Thanks for commenting on the RCS plume deflectors. I am the engineer who designed them.
Wow, I learned more about the moon landings in your 8 minute video that I did in the last 50 years. Great stuff. Thank you.
This is insanely detailed!!! I greatly appreciate your videos! Thank you so much for teaching millions of people!
I watched on TV the first moon landing. Now I know more about how it happened. Thank you.
I saw one of the LM's at the NASM in DC. We passed it the first time and I thought it was a high school mock up. When we returned to that area I was hanging out by it while my wife was off doing something. I was AMAZED to learn it was an actual unused LM. I couldn't believe the guys on the earlier missions actually trusted that to get them to and from the moon. Just amazing and so much respect for the team that made the moon landings possible.

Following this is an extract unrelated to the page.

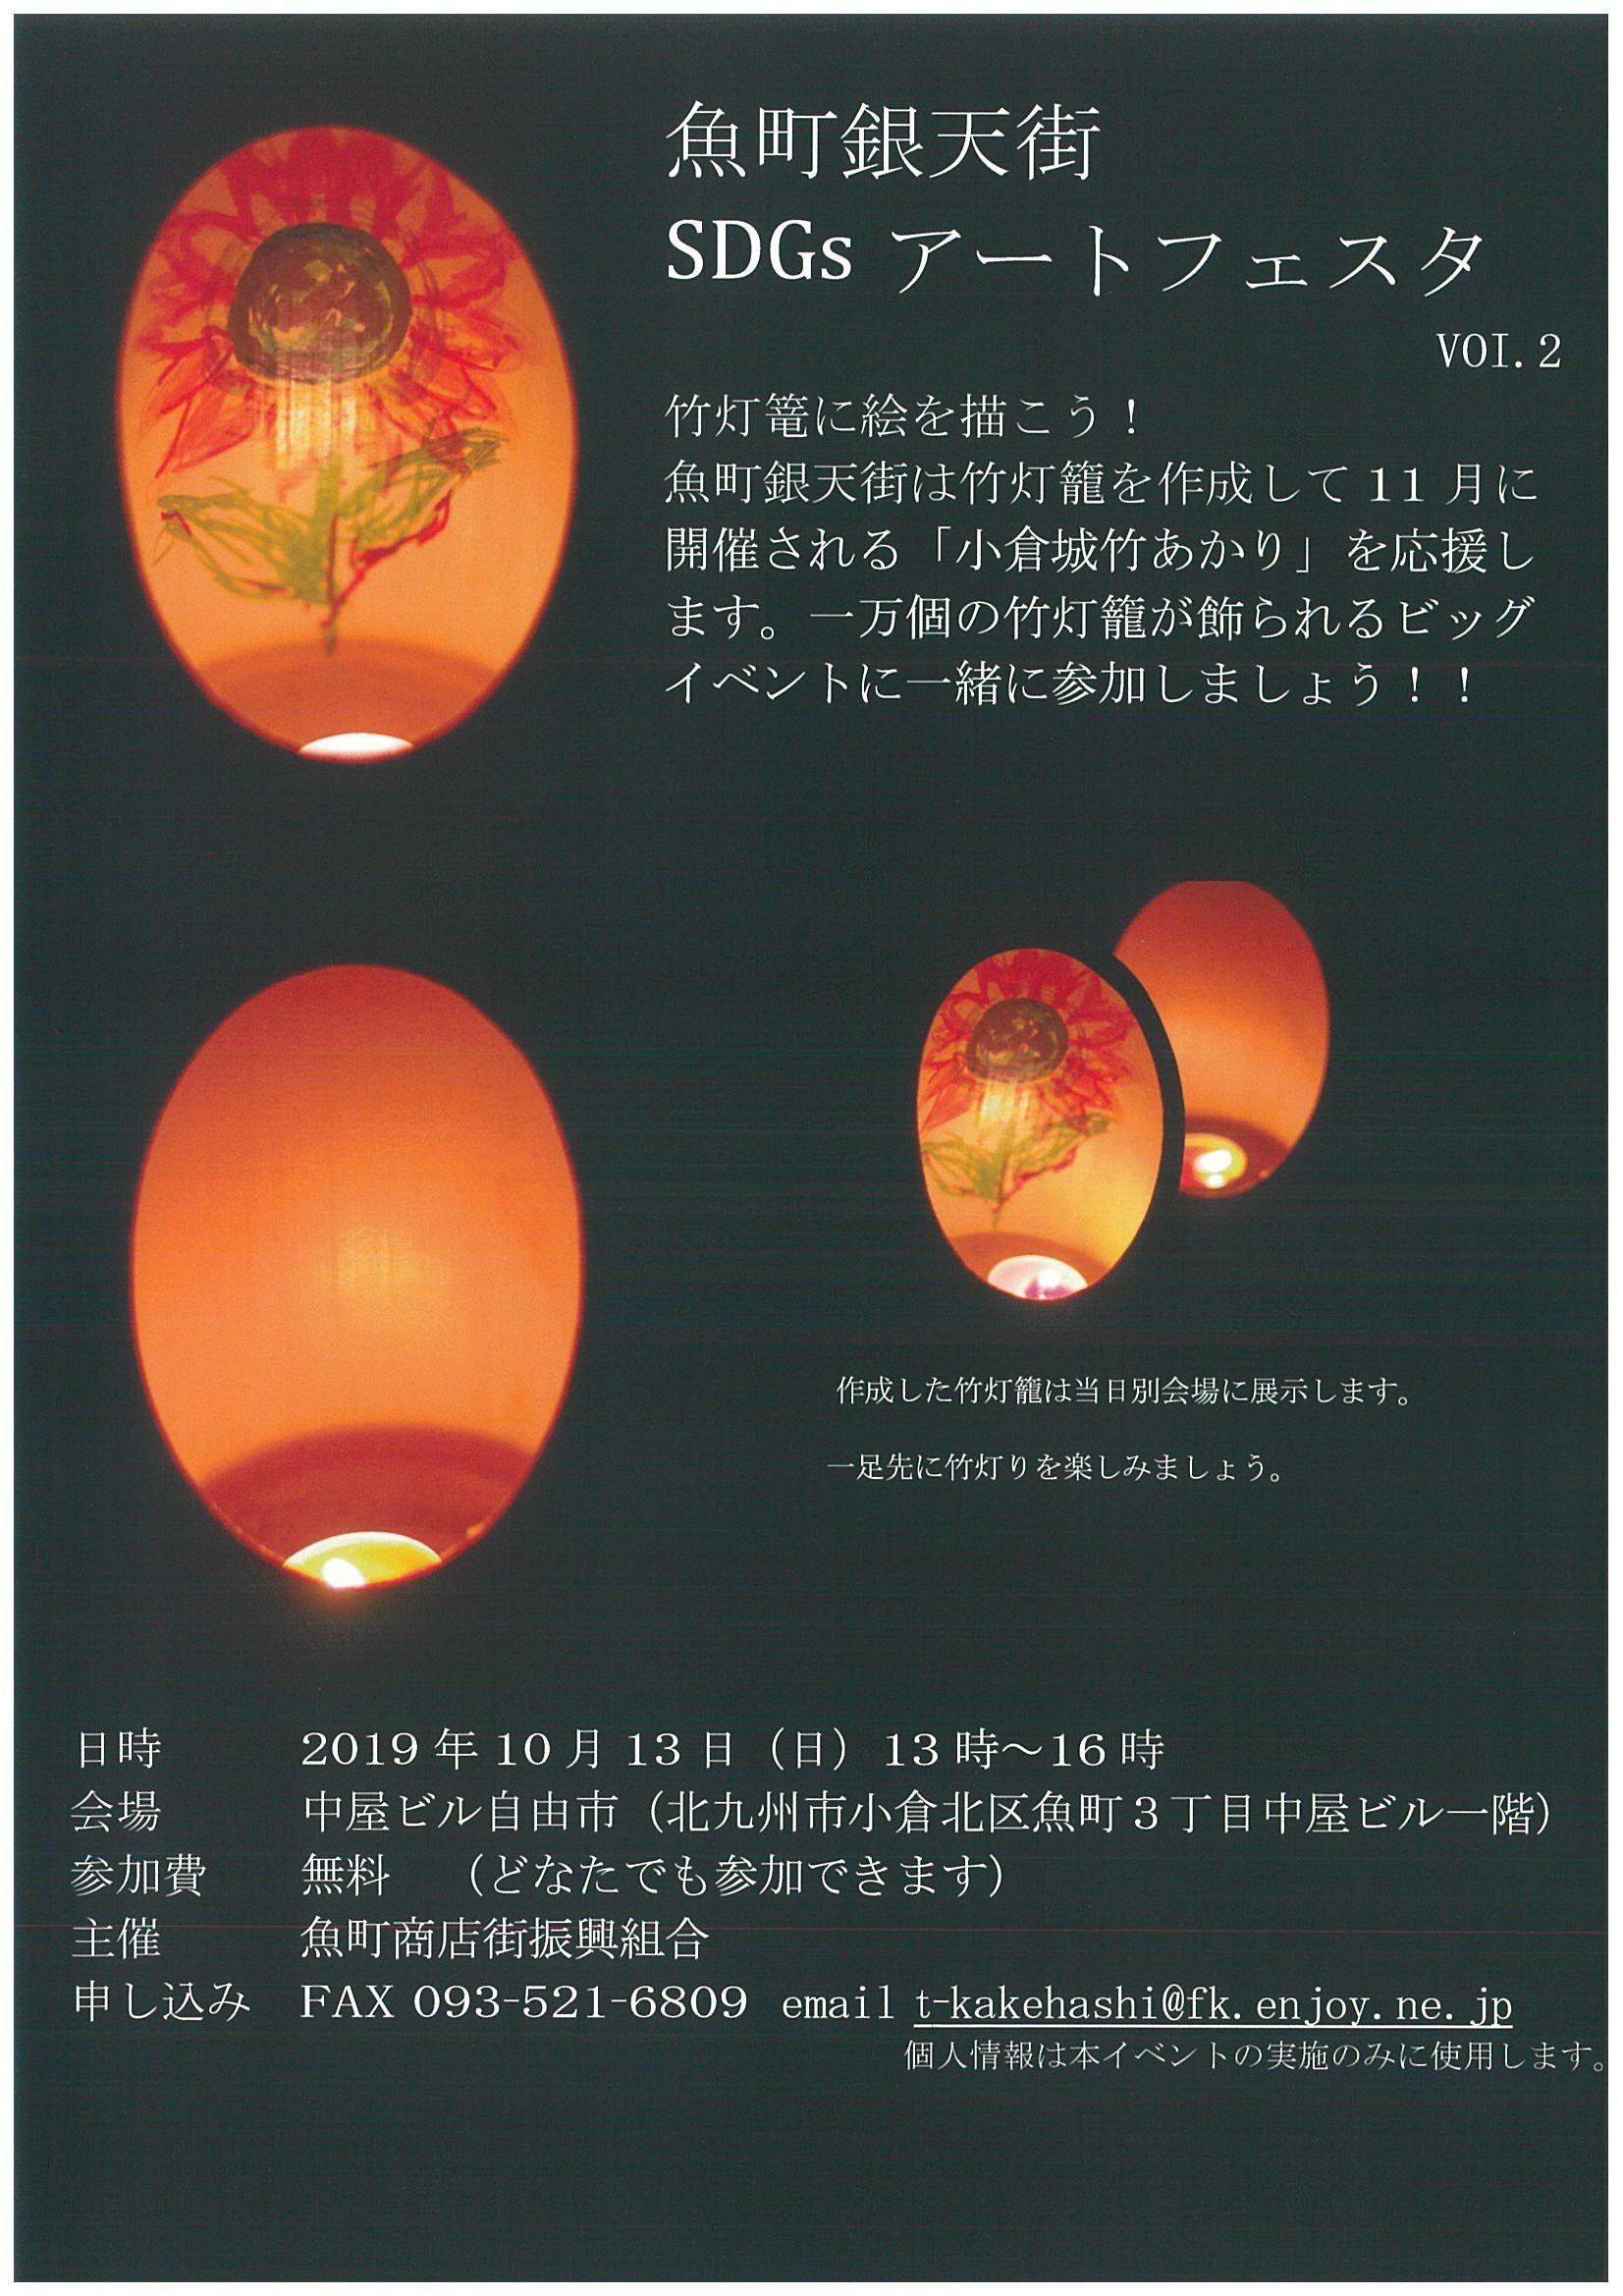 魚町銀天街アートフェスタVOL2-1

I watched the landing in my elementary school class. We just watched TV the whole time as history was being made. Great video! This is YouTube at its best!
Perfect! I am a docent at The Cradle of Aviation Museum and we have the Apollo 19 LEM. This video is an easy to understand presentation of our magnificent bird. Thanks Jared!
Excellent video. A perfect example of designing something solely for the function it had to carry out.
A stunning American achievement! The engineering, the computing, the mathematics, the manufacturing, the communications, the electronics - outstanding.
"It's ugly, but it gets you there..." - Volkswagen
One of the most - maybe the most - ingenious vehicles ever designed. Almost hard to believe that decades have passed since it carried people to the moon.
"I thought I knew a lot about the LM but you've taught me something new." - Me too. Fantasic.